Only five manuscripts containing some or all of Marie’s lais now exist, and the only one to include the general prologue and all twelve lais is British Library MS Harley 978. That may be contrasted with the 25 manuscripts with Marie's Fables and perhaps reflects their relative popularity in the late Middle Ages. In these Fables, she reveals a generally aristocratic point of view with a concern for justice, a sense of outrage against the mistreatment of the poor, and a respect for the social hierarchy.[19] Nevertheless, Marie's lais have received much more critical attention in recent times.

Fables

Along with her lais, Marie de France also published a vast collection of fables. Many of the fables she wrote were translations of Aesop’s fables into English and others can be traced to more regional sources, fables Marie de France would have been exposed to at a young age.[20] Between the 102 fables of Marie de France, there are no concrete guidelines for morality and men, women, and animals receive varying treatments and punishments.

Marie de France introduces her fables in a prologue, where she explains the importance of moral instruction in society. In the first section of the prologue, Marie de France discusses the medieval ideal of “clergie”.[21] Clergie is the notion that people have a duty to understand, learn, and preserve works of the past for future peoples. Here, in the prologue, she is referencing the duty of scholars to preserve moral philosophy and proverbs. The rest of Marie de France’s prologue outlines how Aesop took up this duty for his society and how she must now preserve his fables and others for her present culture.

Structurally, each of the fables begins with the recanting of a tale and at the end Marie de France includes a short moral. Some of these morals, like those translated from Aesop’s fables, are expected and socially congruous. For instance, the fable of The Wolf and the Lamb, also known as Fable 2 in Marie de France’s collection, follows a well-known and established storyline. Just as in Aesop’s original fable, Marie de France’s translation describes a lamb and a wolf drinking from the same stream, the wolf unjustly condemning the lamb to death for drinking inoffensively down-stream from him. Marie de France repeats the established moral at the end, “But these are things rich nobles do…destroy folk with false evidence”.[22]

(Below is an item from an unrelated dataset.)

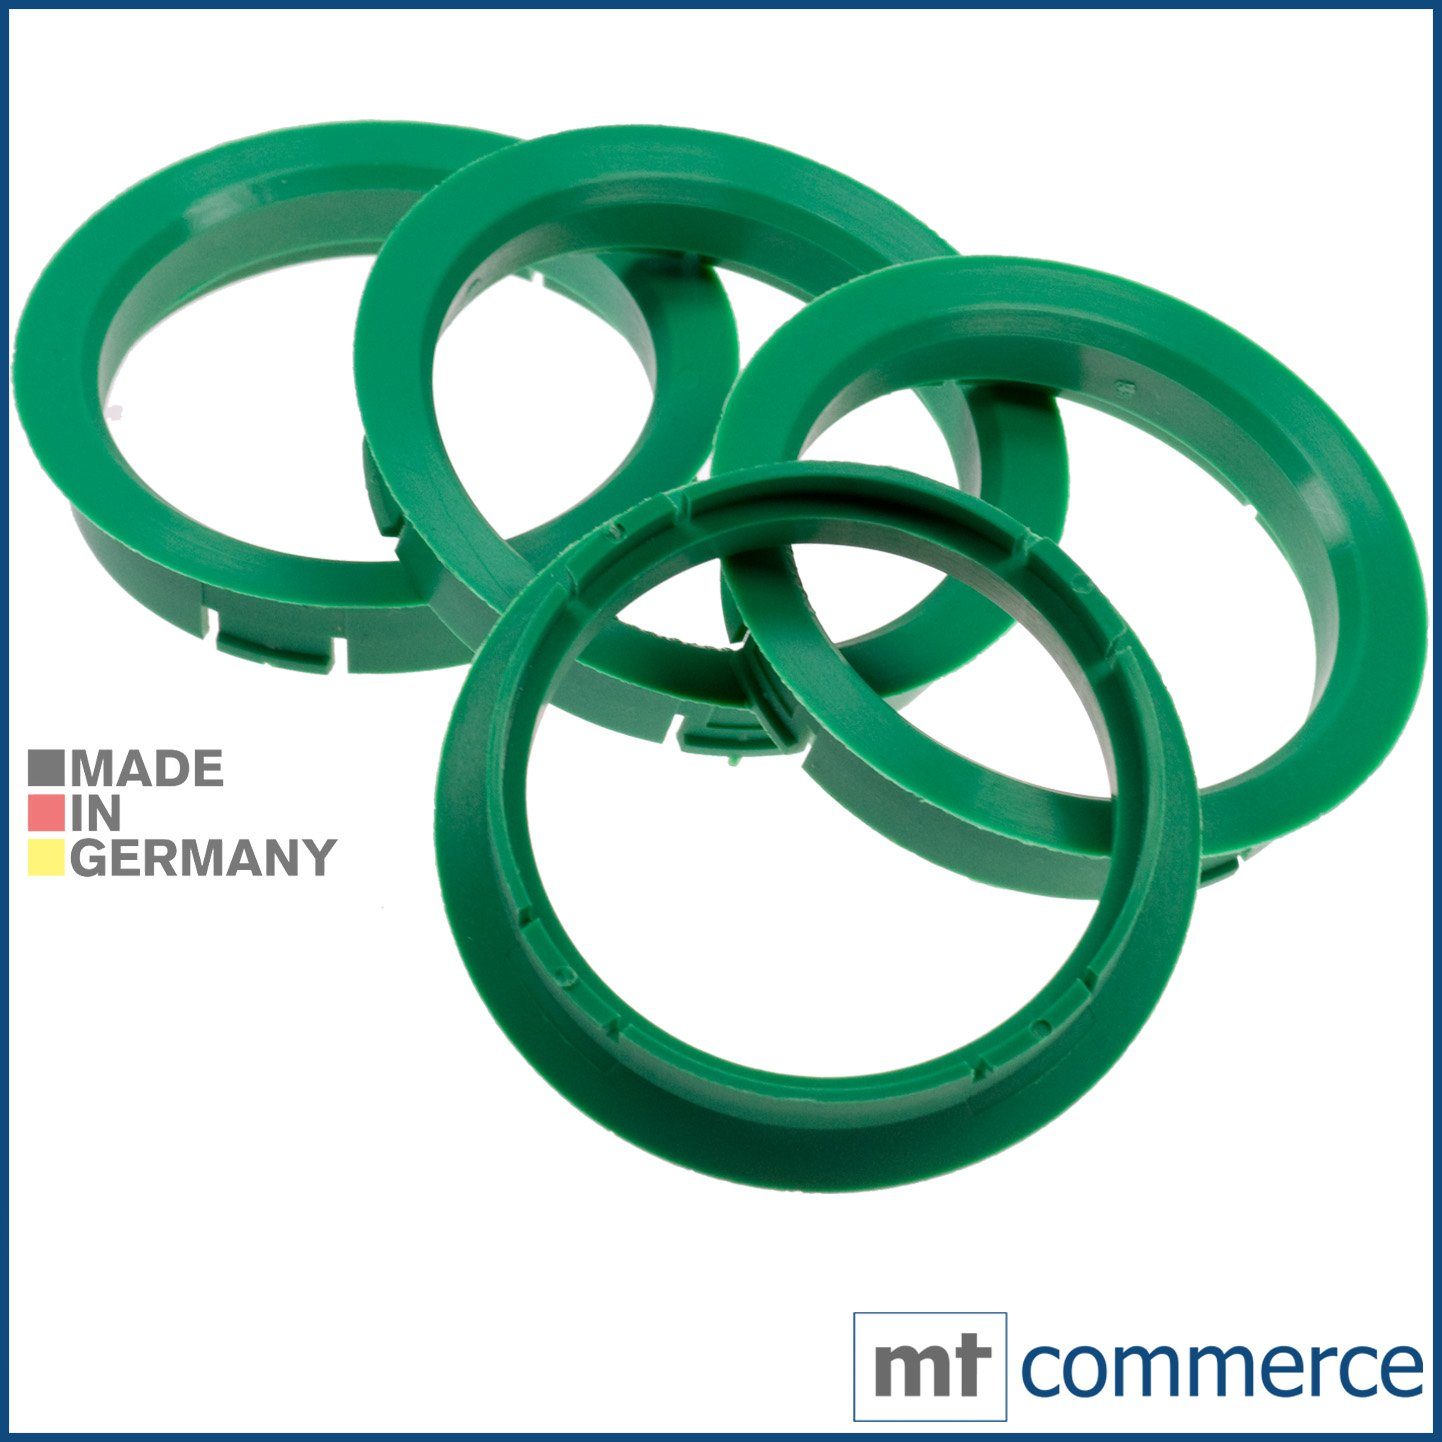 RKC Reifenstift 4X Zentrierringe 56,1 Made x Maße: Felgen in 64,0 mm Germany, Ringe grün

However, in the new fables, featuring human female characters, Marie de France asserts female power and cunning, disparaging men who are ignorant or behave foolishly. One character in particular, a peasant woman, makes multiple appearances in the fables of Marie de France and is praised for her shrewd and sly ways. Fables 44, The Woman Who Tricked Her Husband and 45, A Second Time, a Woman Tricks Her Husband, both recant tales of the same peasant woman successfully carrying out an affair despite her husband having caught her with her lover both times. In the first fable, the peasant woman convinces her husband that her lover was merely a trick of the eye and in the second, persuades her husband that he has had a vision of her and a man, foreshadowing her death. Marie de France lauds the woman for her crafty ways and faults the peasant husband with idiocy. The morality, or lack thereof, in these two female-centered fables is interesting and takes root in the tradition of “wife tricking her husband” stories, such as The Merchant’s Tale and Scots-Irish tradition.[23]

Love

In most of Marie de France’s Lais, love is associated with suffering, and over half of them involve an adulterous relationship.[24] In Bisclavret and Equitan, the adulterous lovers are severely condemned, but there is evidence that Marie approved of extramarital affairs under certain circumstances: "When the deceived partner has been cruel and merits deception and when the lovers are loyal to one another.”[25] In Marie's Lais, "love always involves suffering and frequently ends in grief, even when the love itself is approved.”[26]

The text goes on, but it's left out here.